Congress Follows Executive Branch Like A Flock Of Sheep

Howard Zinn:
We are not a democracy in foreign policy

By Penelope Bowler
Contributing Writer
The South End

Wayne State University

Nov. 6, 2006

Howard Zinn told an audience that the state of our nation lies somewhere between democracy and totalitarianism.

Beginning with the civil rights movement and the anti-war movement of the 1960s, Zinn has been a tireless activist as well as a voice of dissent for over 40 years. Last night at Cobo Hall, the Cranbrook Peace Foundation honored the historian, author and lifelong peace activist.

Zinn, the author of the classic best-selling book “A People’s History of the United States, 1492 - Present,” along with other important works on history and U.S. policy, lectured and answered questions. Zinn began his career as a professor at Spellman University in the early ‘60s where he became involved with SNCC, the Student Nonviolent Coordinating Committee (SNCC).

Zinn began his lecture with an anecdote about meeting current Michigan House Representative John Conyers for the first time in Selma, Ala., in 1963. Conyers was introduced to Zinn as a young lawyer from Michigan. Zinn was there with SNCC, it was Freedom Day and black people were arriving at the county seat to try to register to vote, where they faced long lines of police cars, the deputy sheriff and his men.

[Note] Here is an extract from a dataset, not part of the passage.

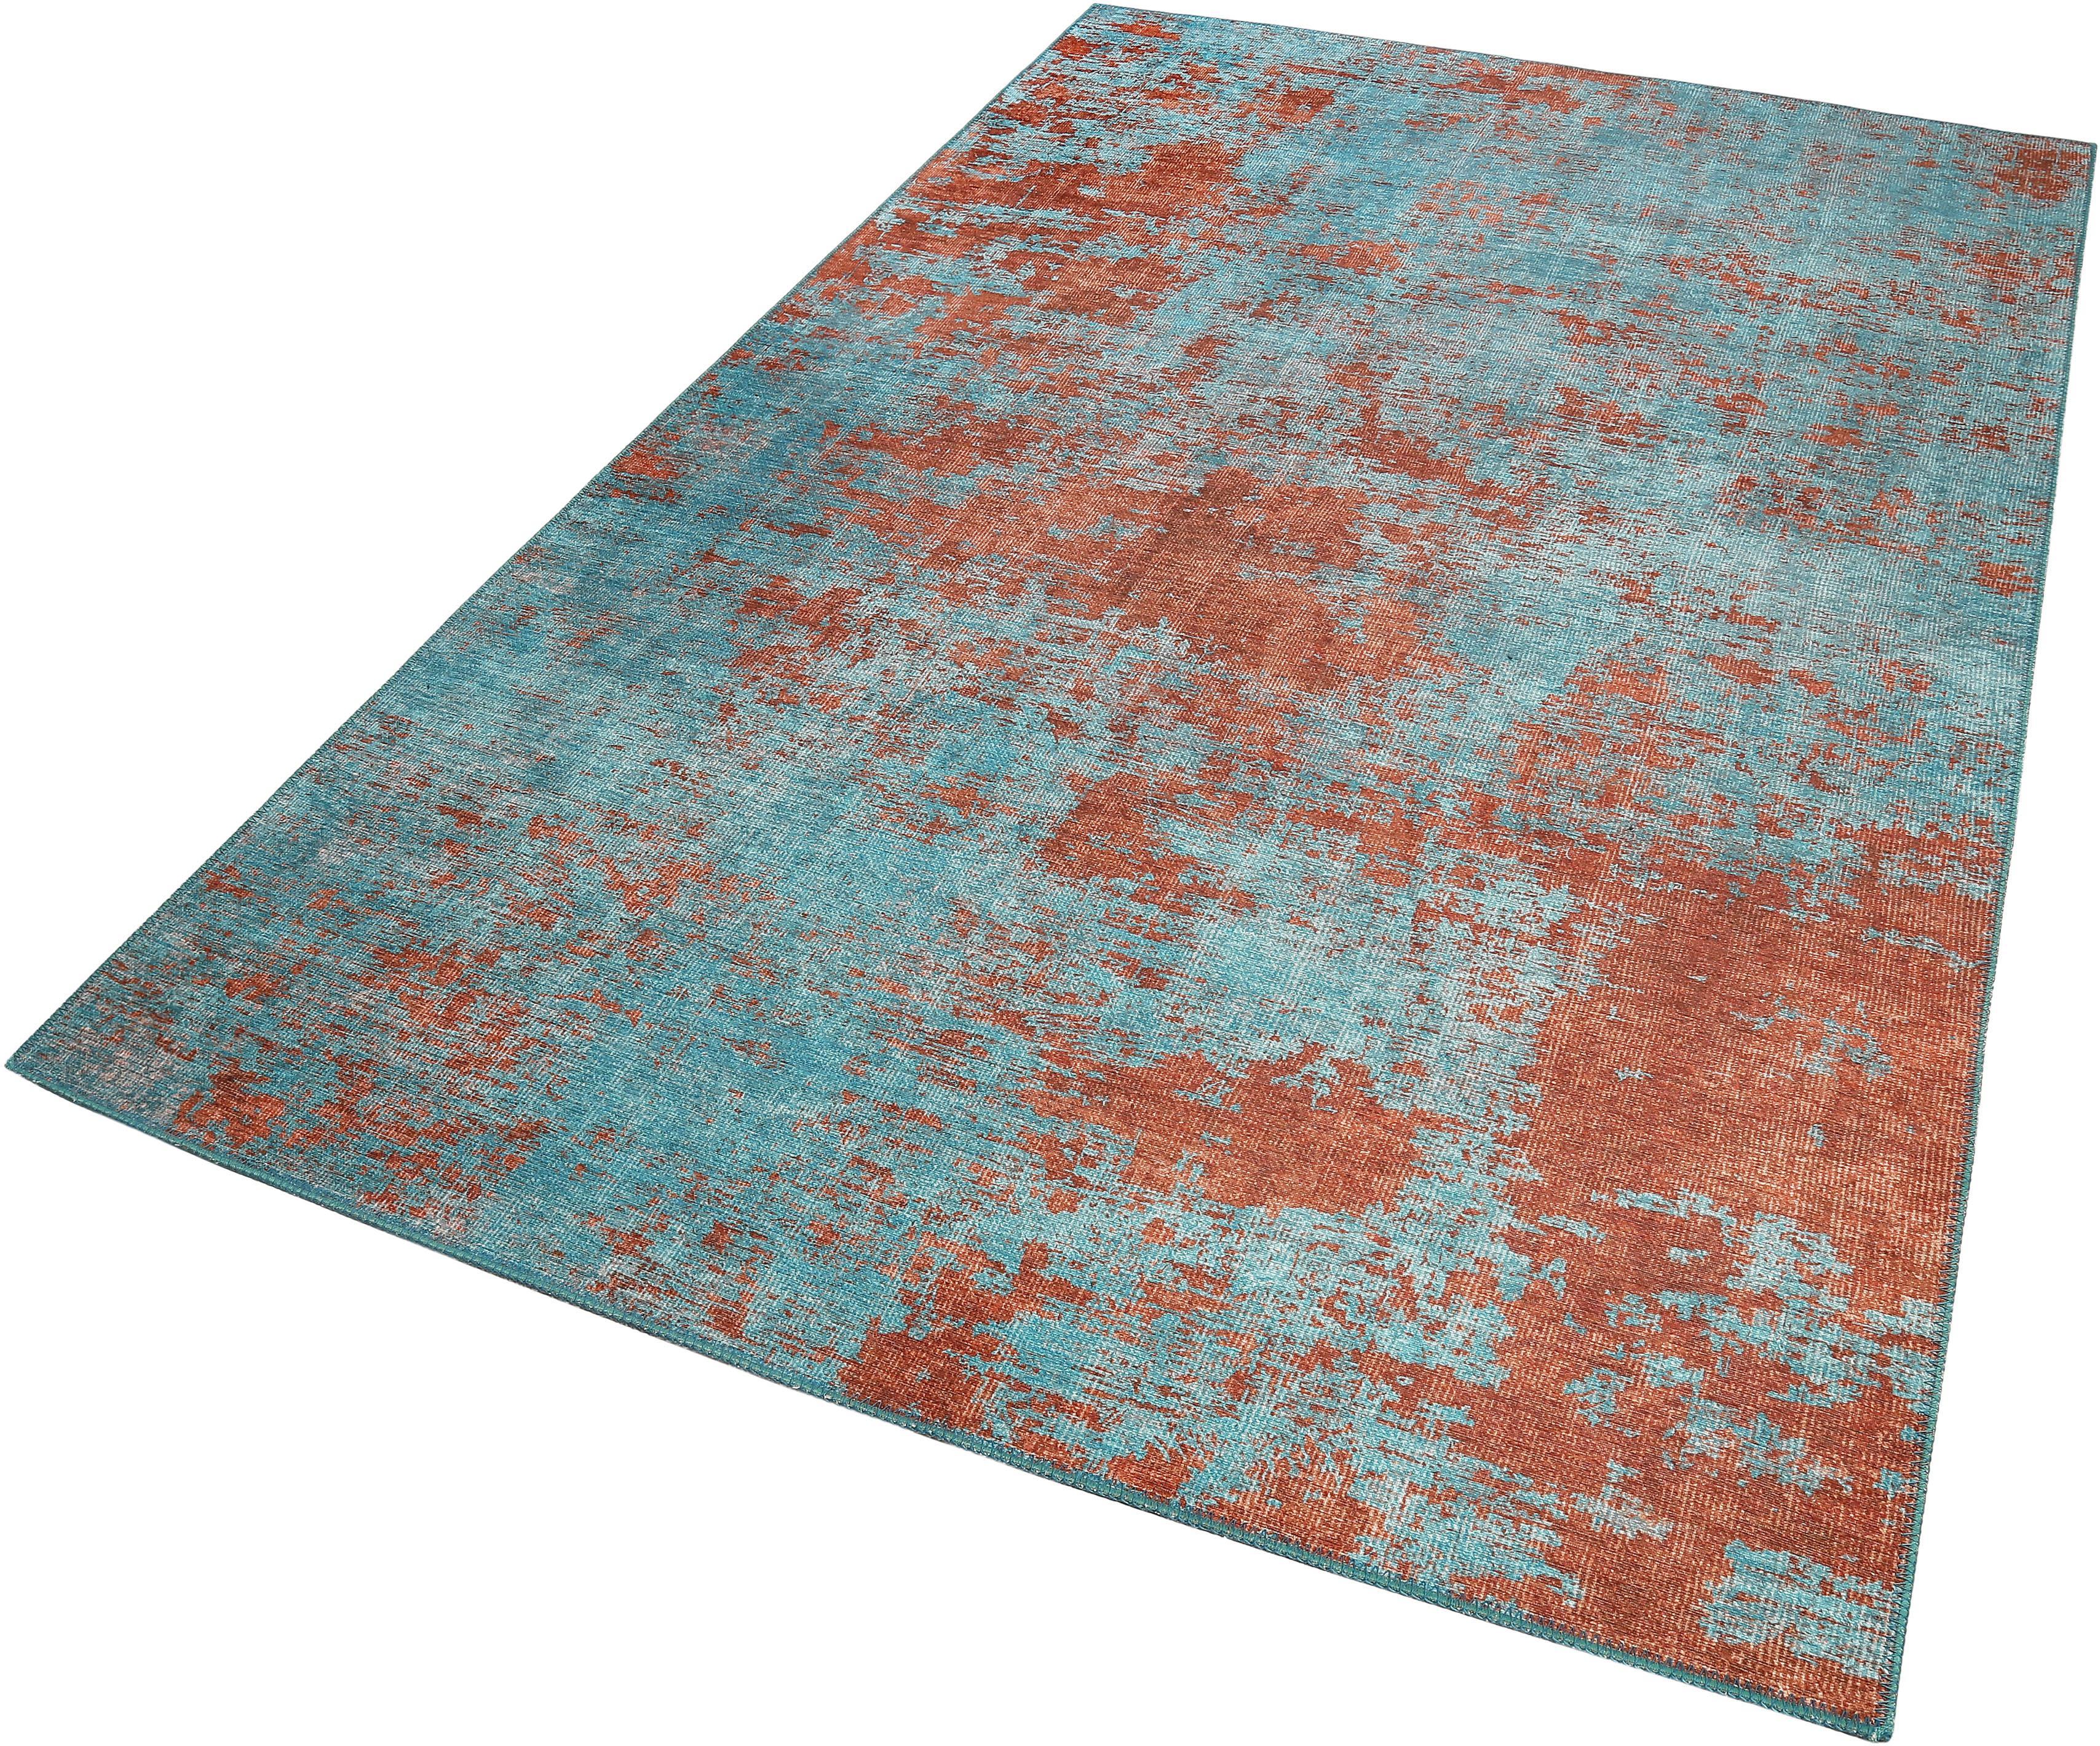 Teppich Hot Spring Wecon Home rechteckig Höhe 6 mm maschinell gewebt

“It was like a war was taking place on this street in front of the county courthouse, as if there was an enemy there. And the enemy [was] old black ladies and women carrying their kids and young men, people who wanted to vote — they were the enemy. And there was the Army brought out to intimidate them and to arrest some of them and beat some of them and cattle prod some of them and John Conyers was there that day and that was the first time I met him,” Zinn said. He called it, “a day to remember, a day of courage and commitment.”

The topics discussed ranged from our history of “violent expansion and history of ethnic cleansing,” the media’s apparent lack of fact-checking, to the Bush administration’s “war crimes.” Citing Colin Powell’s WMDs speech to the United Nations before the beginning of the war in Iraq, Zinn called it “probably the longest list of falsehoods ever spoken to the U.N.”

Zinn talked about the “complicated spectrum of political ideology” saying that “there is totalitarianism on one end and there is democracy on the other end but we (the U.S.) are not on that end. We are somewhere in between, because we cannot call ourselves a democracy in so many ways, we can (call ourselves a democracy) in many ways. Yes, we do have a Constitution, and we do have a Bill of Rights and we do vote but, there are too many ways in which we fall short. And one of those, simply, (is) that in matters of foreign policy, we are not a democratic country, in matters of going to war, there is no democracy there. The president decides on war. The president and a small group of people around him decide on war. The people don’t have any say in it.”

Zinn proceeded to discuss the system of checks and balances and how we all learned about the branches of government in our junior high classes in a way as to make it seem like a quaint idea from a children’s book — something that is nice in theory but in reality is actually more like a fairy tale.

In Zinn’s view, Congress has almost never exercised its role in government to check the executive branch, citing history as far back as the Mexican War of 1846, saying that every time a president has wanted to go to war “Congress has followed like a flock of sheep. This is not what James Madison had in mind.”

The burden lies with the Supreme Court to interpret what is Constitutional, and the Constitution requires that “war be declared by Congress.” Zinn noted, “Every war since World War II has been unconstitutional … democracy doesn’t always work out through practice the way it looks on paper or in the Constitution.”